Enabling Independent Research Without Unleashing Ethics Disasters

Josephine Lukito, J. Nathan Matias, Sarah Gilbert / May 10, 2023

Dr. Sarah Gilbert is a postdoctoral associate at Cornell University and Research Director of the Citizens and Technology Lab. Dr. J. Nathan Matias is a Fellow at the Center for Advanced Study in the Behavioral Sciences at Stanford University and an Assistant Professor at the Cornell University Department of Communication, where he is founder of the Citizens and Technology Lab. Dr. Josephine ("Jo") Lukito is an Assistant Professor at the University of Texas at Austin’s School of Journalism and Media.

When Twitter cut off the National Weather Service storm warning system by revoking its API access, it was the clearest indication yet of a critical digital infrastructure in dramatic decline. By charging at least $42,000 a month for API access, Twitter is effectively pulling the plug on thousands of essential public-interest projects across government, journalism, civil society, and academia.

How can research conducted independently of tech companies persist in the face of attacks and negligence from Twitter and other tech firms? New constellations of researchers are scrambling to collect data, build shared infrastructures, and advocate for new transparency laws. If we're not careful about privacy, ethics, and gatekeeping, the remedy might be worse than the problems we're trying to solve.

For the last six months, our team of researchers has interviewed dozens of journalists, civil society, and academics about the ethics and privacy risks of independent research. Groups such as the Coalition for Independent Technology Research (of which we are members) are organizing mutual aid, advocacy, and collective action for researchers affected by the Twitter API restrictions. Because the response is moving so fast, we have decided to share some preliminary suggestions for the field.

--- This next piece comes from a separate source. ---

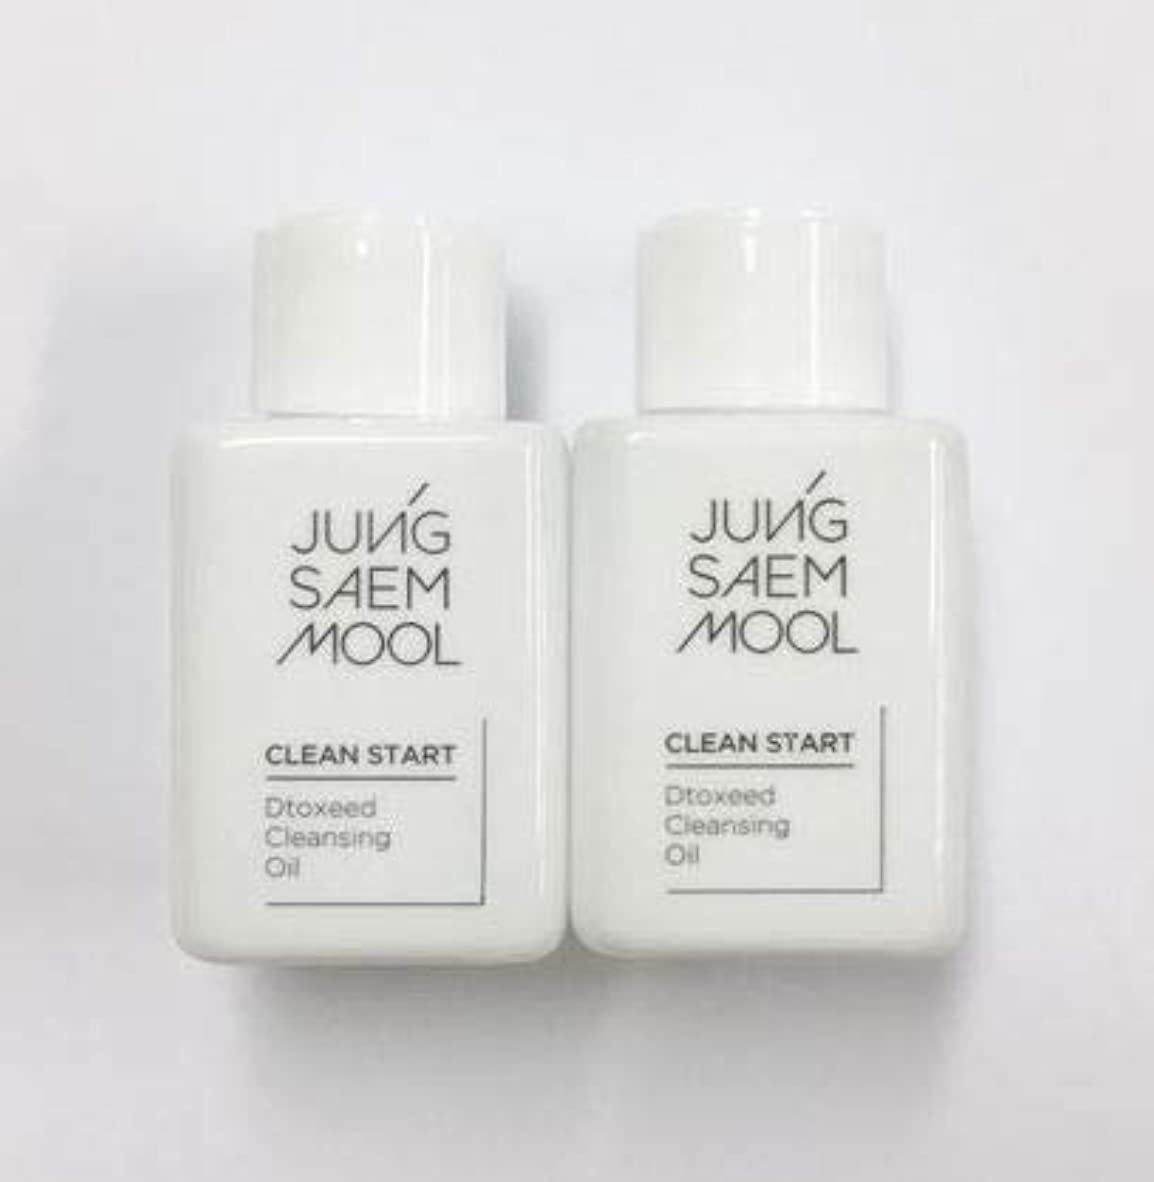 フォーカスシロナガスクジララショナルJUNG SAEM MOOL Clean Start Dtoxeed Cleansing Oil_サンプル (30ml)*2ea [並行輸入品]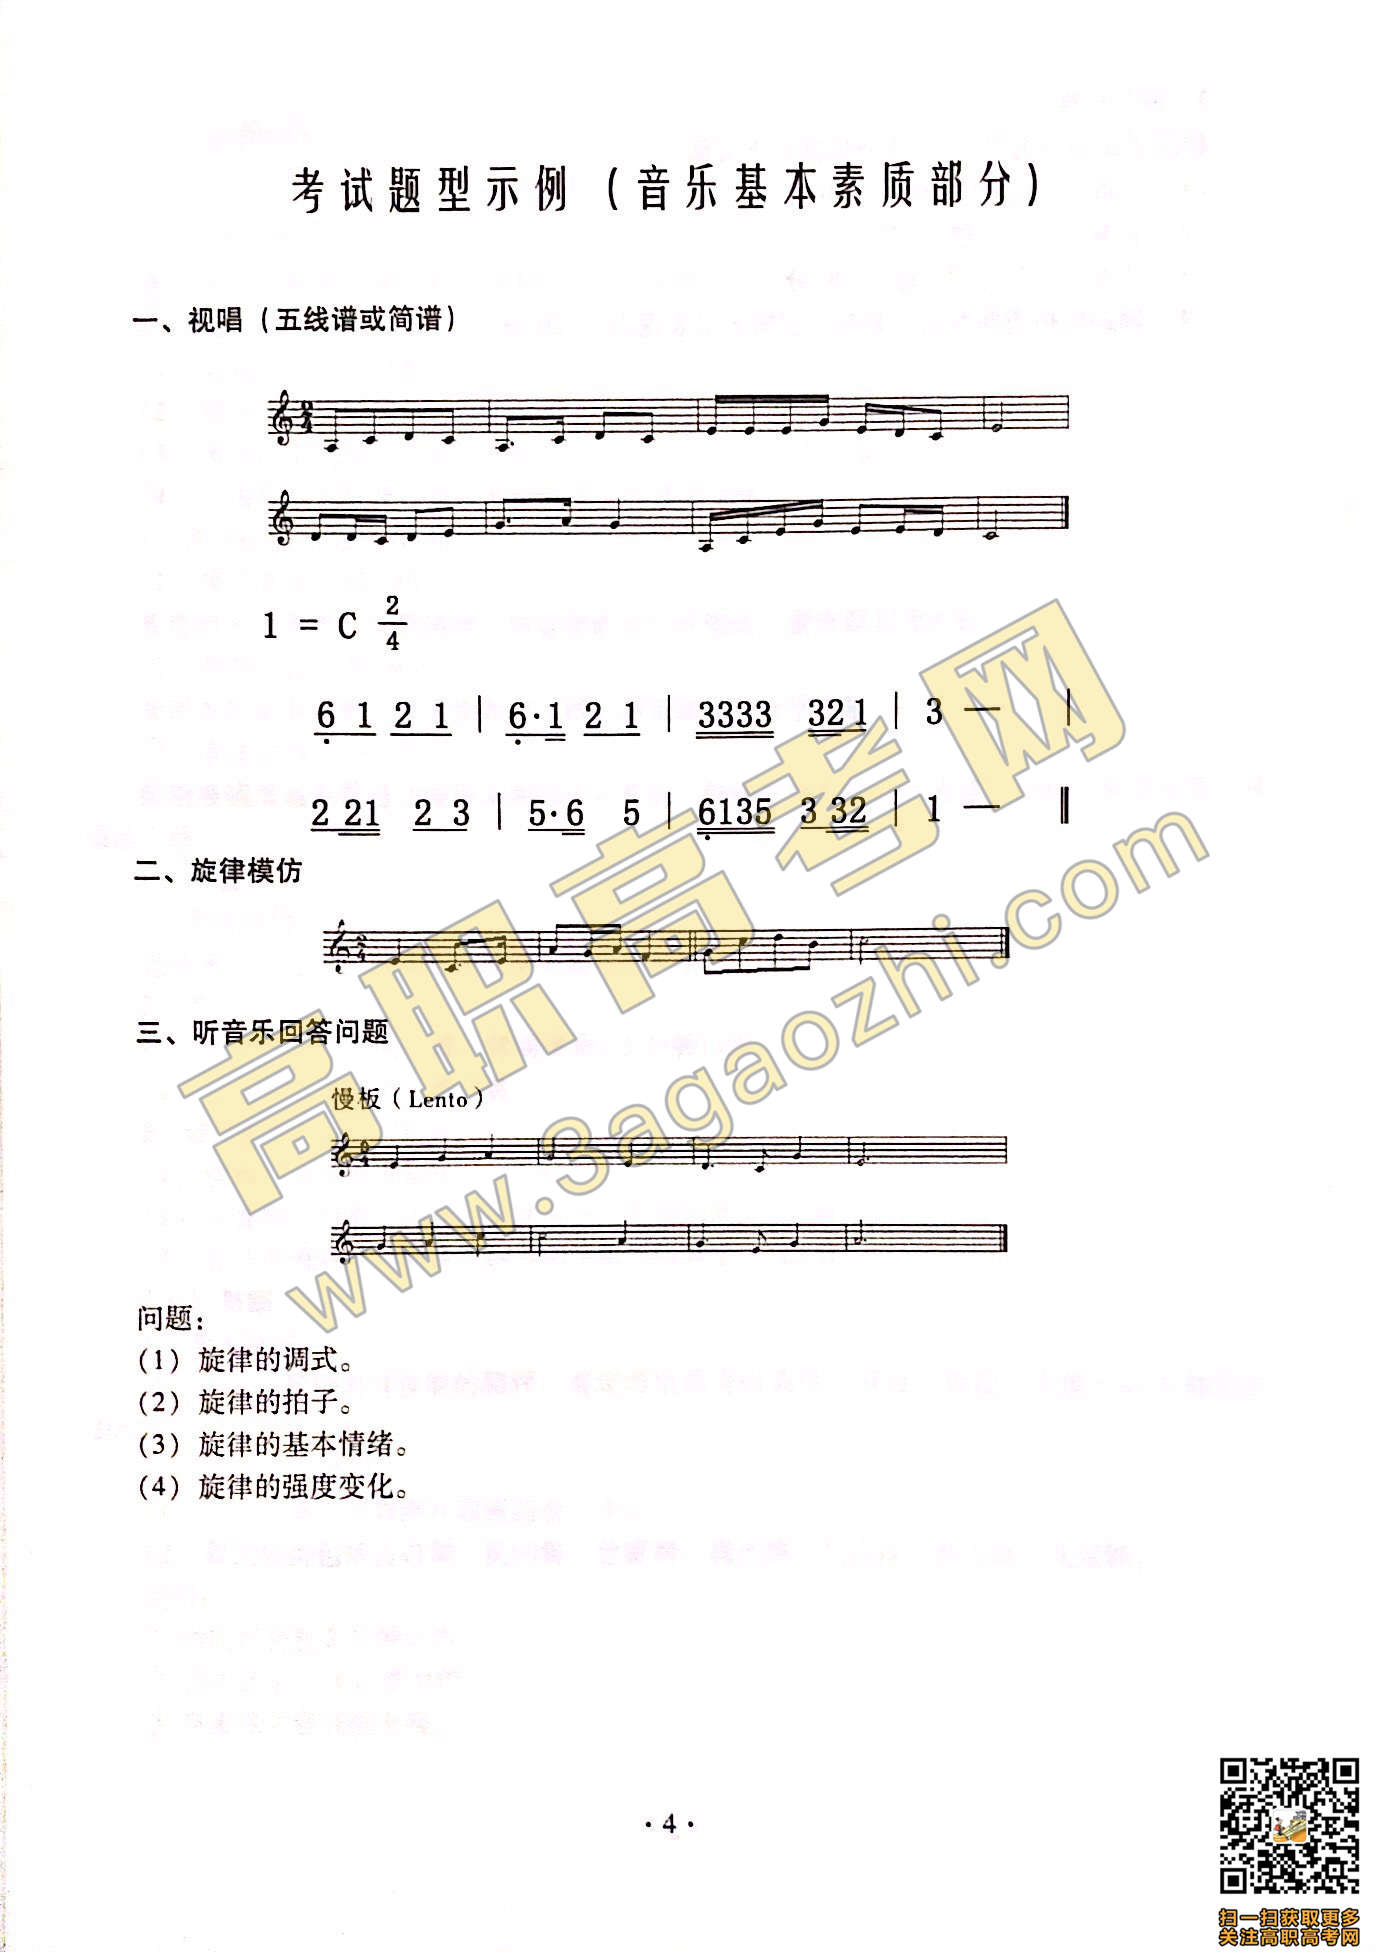 2019年高职高考《音乐综合》课程技能证书考试大纲及样题

Ethics, Privacy, and Gatekeeping in Independent Research

Everyone working on researcher access must wrestle with three basic challenges: privacy, ethics, and gatekeeping. To understand why, we need to look at another important tech news story. The week Twitter cut off its API access was also the week that applications opened for the $725 million that Meta agreed to pay consumers in response to legal complaints about sharing data with Cambridge Analytica. The scandal, which justifiably generated global outrage, has widely been cited as the main reason or excuse for companies to restrict independent access to tech platforms.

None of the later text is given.